[Data excerpt]
....

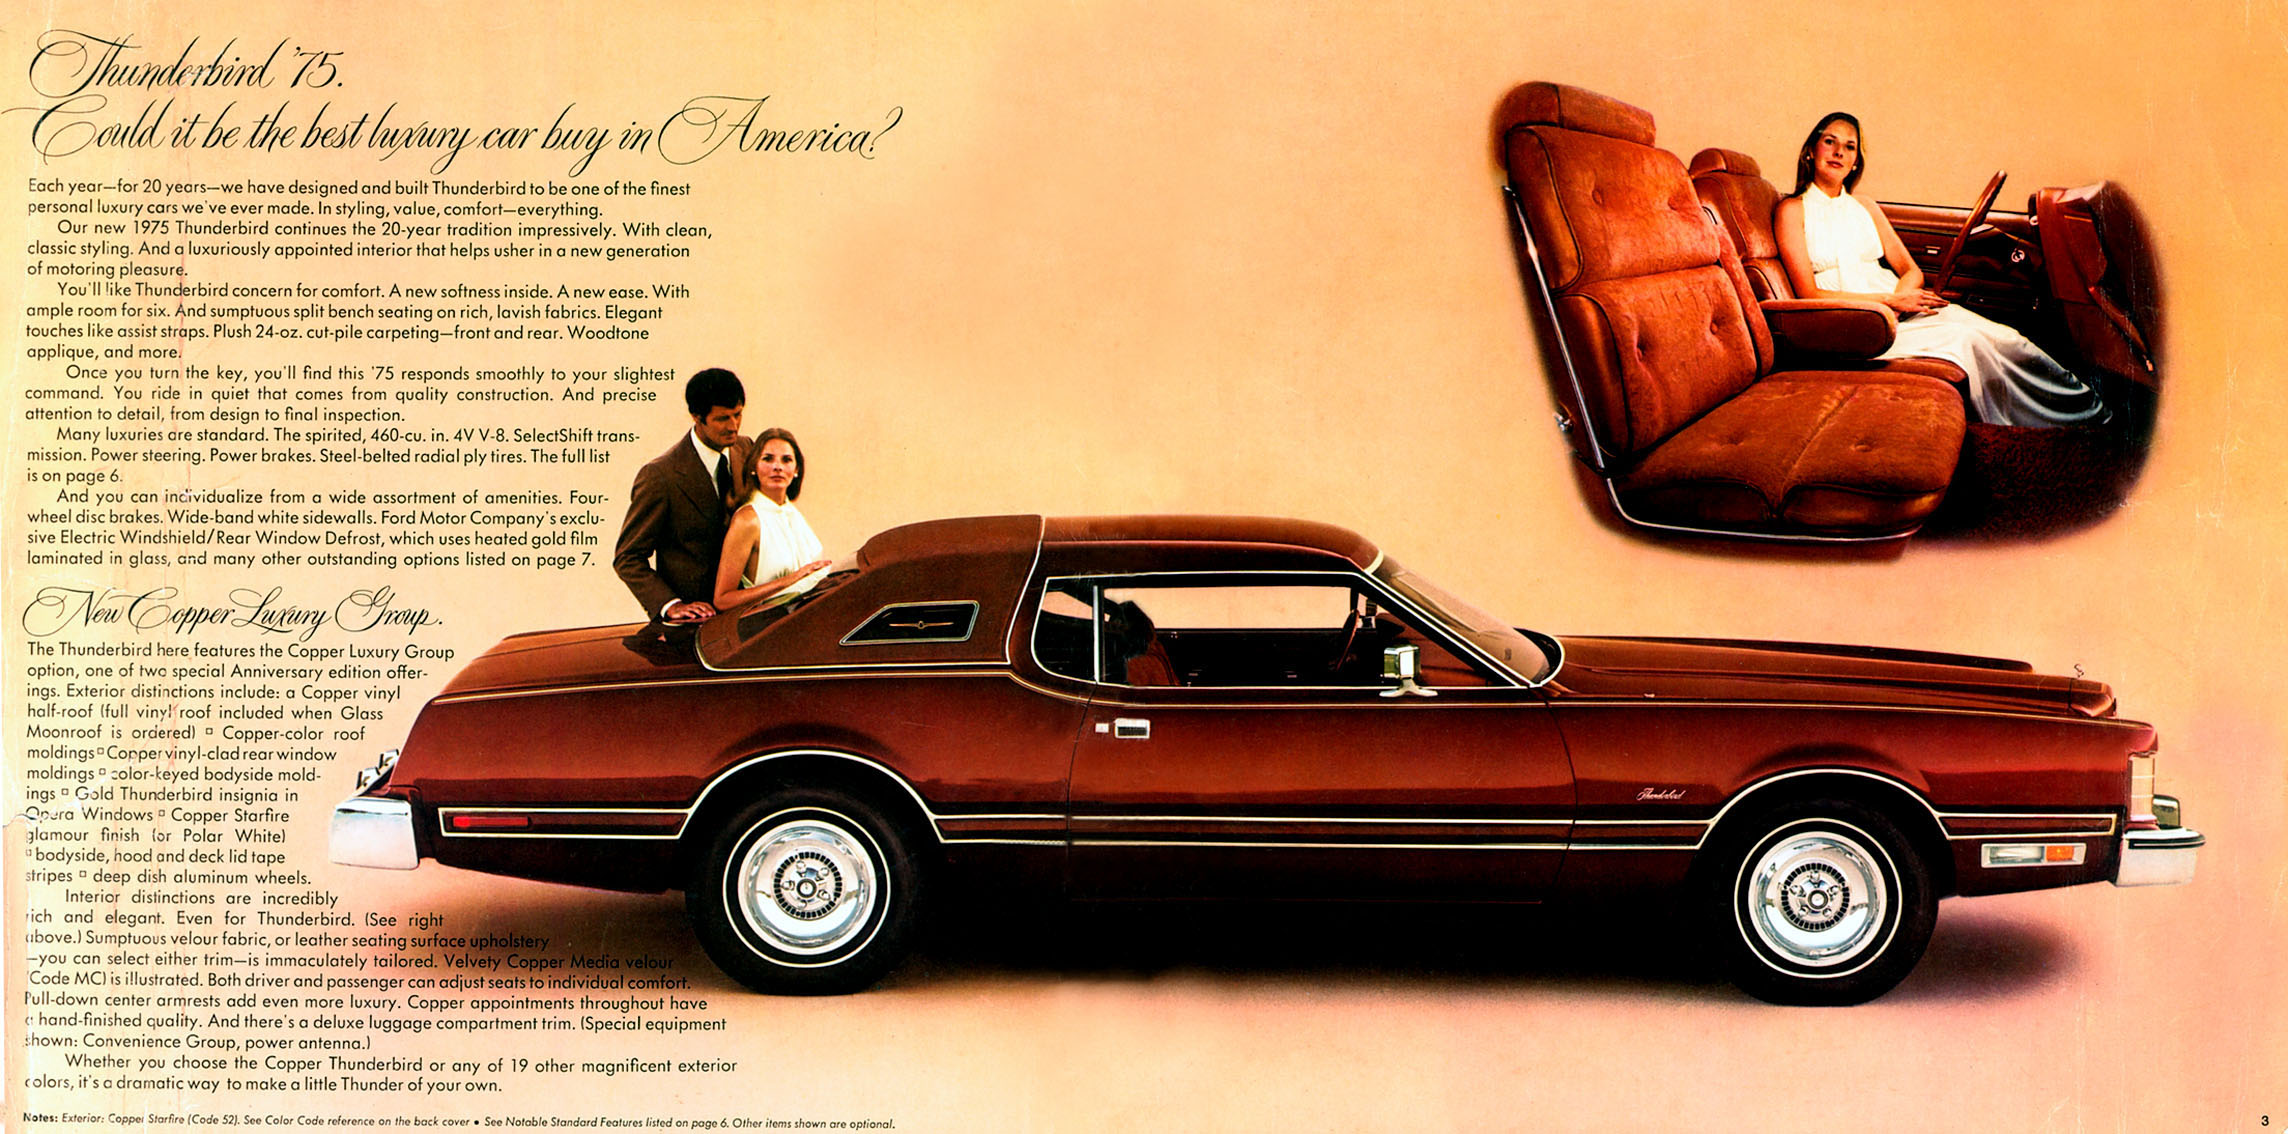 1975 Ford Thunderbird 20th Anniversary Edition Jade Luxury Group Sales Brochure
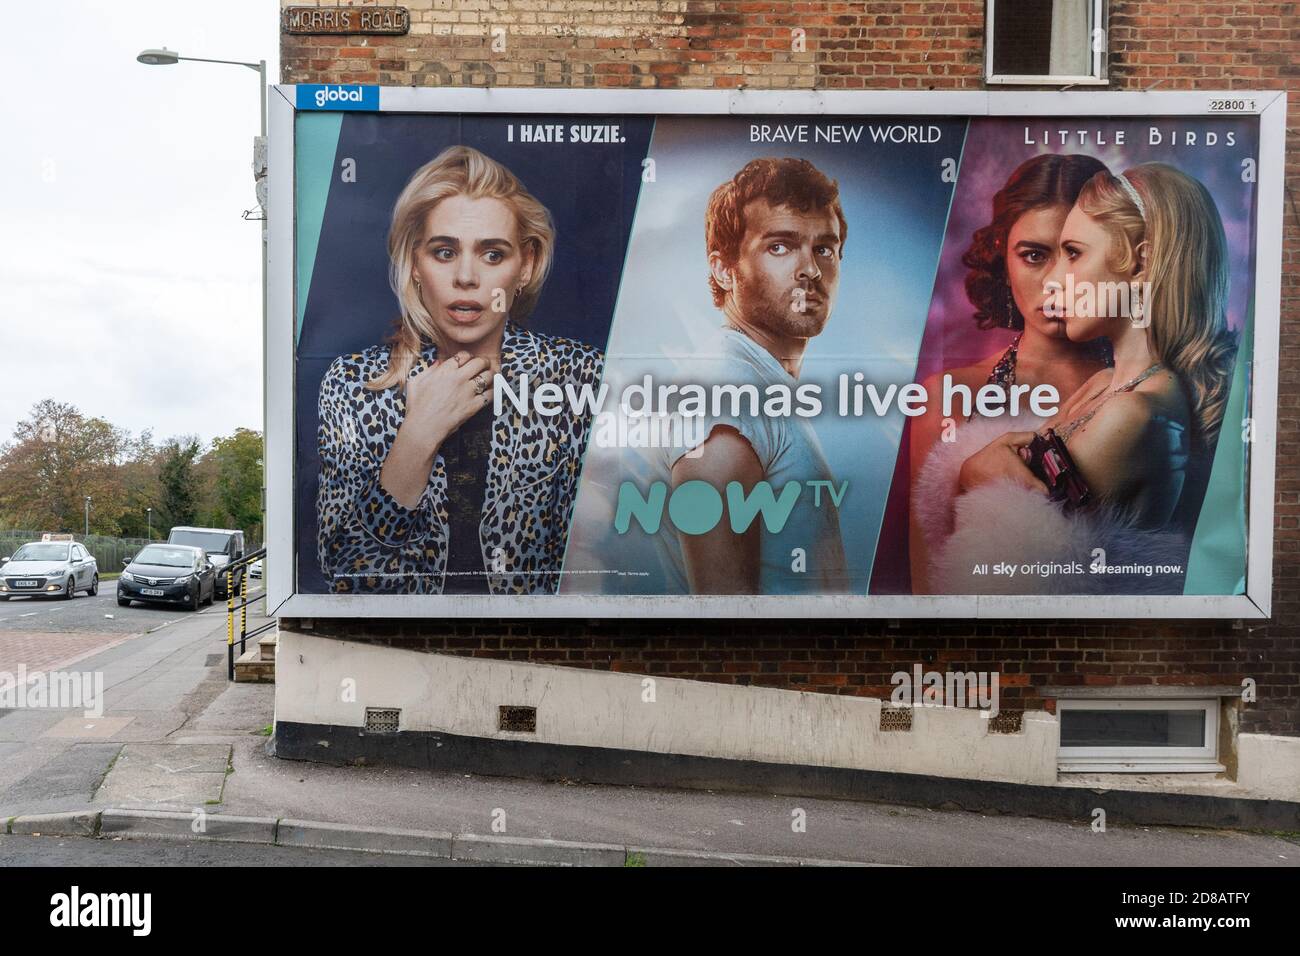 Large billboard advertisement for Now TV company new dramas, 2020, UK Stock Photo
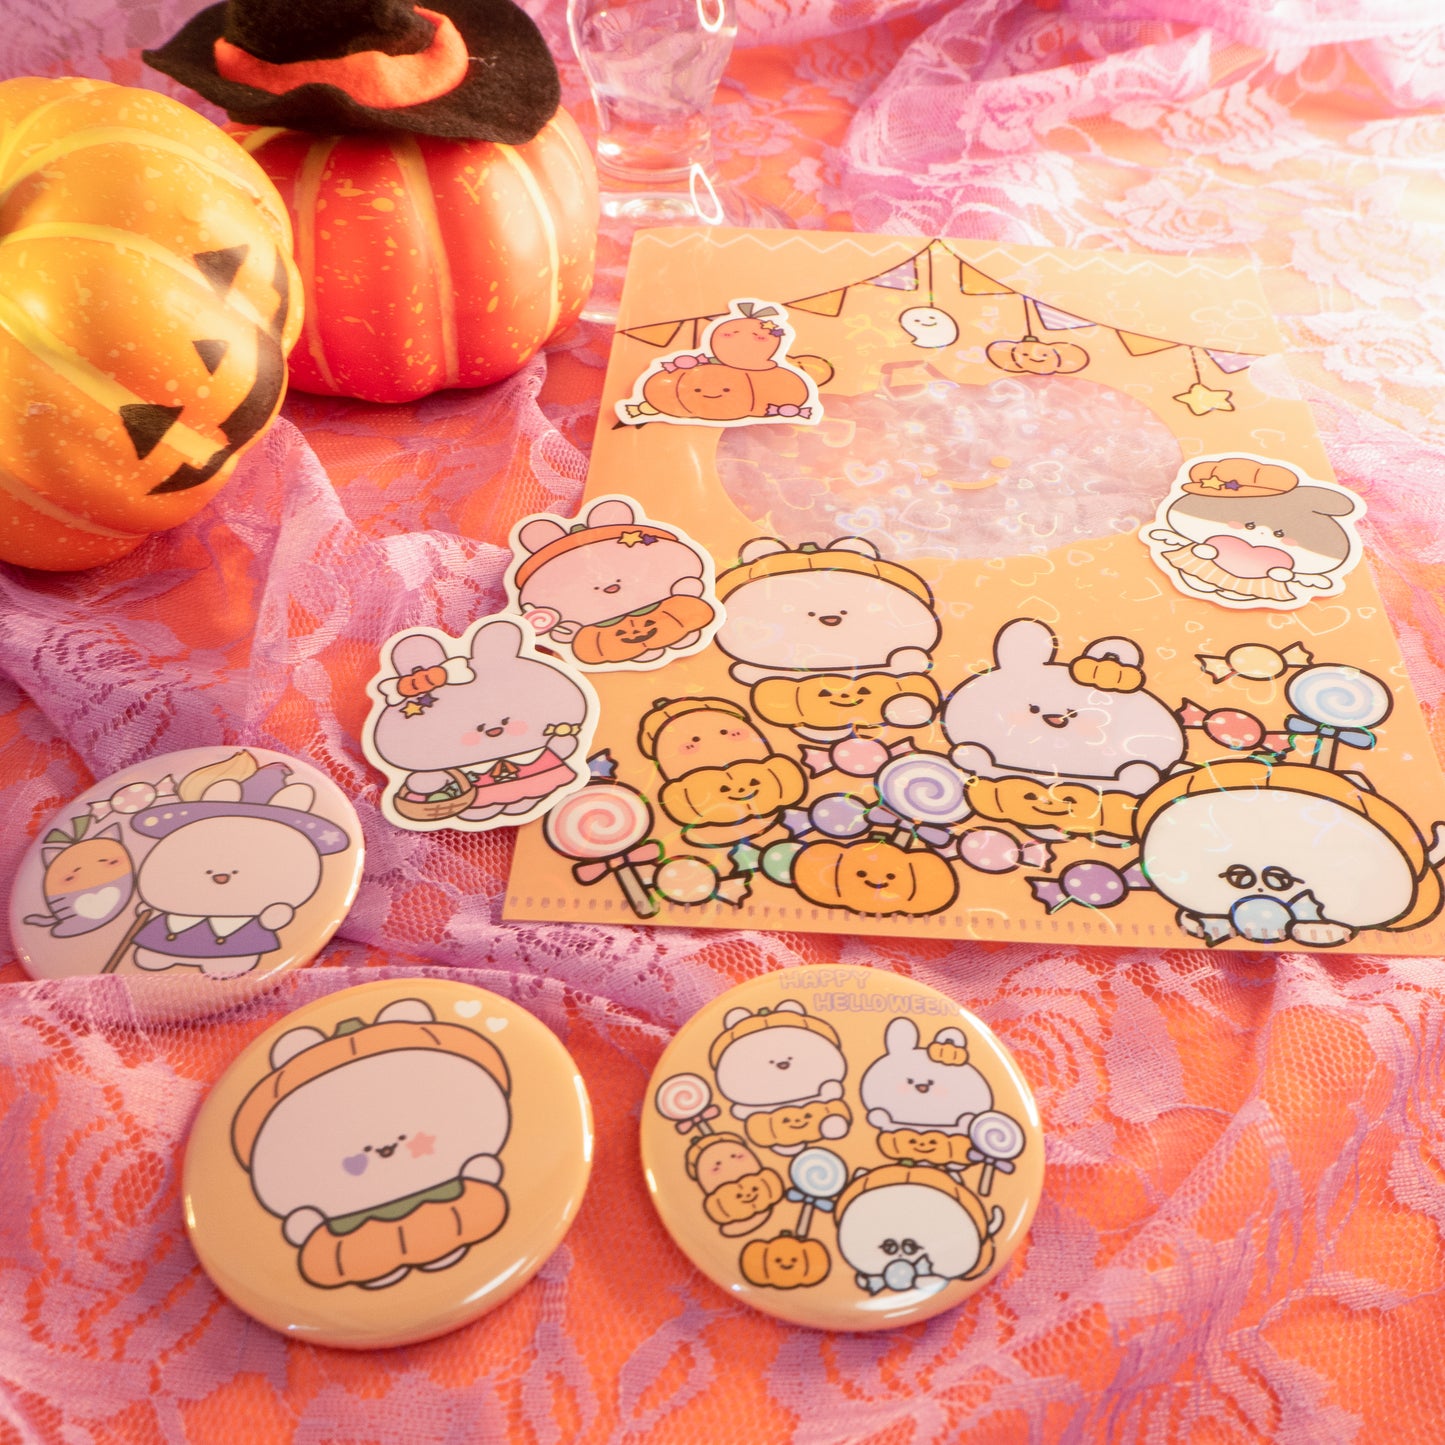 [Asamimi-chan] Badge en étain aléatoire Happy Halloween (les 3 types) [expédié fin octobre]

....

[Activity]
With the pictures omitted, print each line of the data above precisely as given.

[Solution]
 1975 Ford Thunderbird 20th Anniversary Edition Jade Luxury Group Sales Brochure
 Large billboard advertisement for Now TV company new dramas, 2020, UK Stock Photo
 [Asamimi-chan] Badge en étain aléatoire Happy Halloween (les 3 types) [expédié fin octobre]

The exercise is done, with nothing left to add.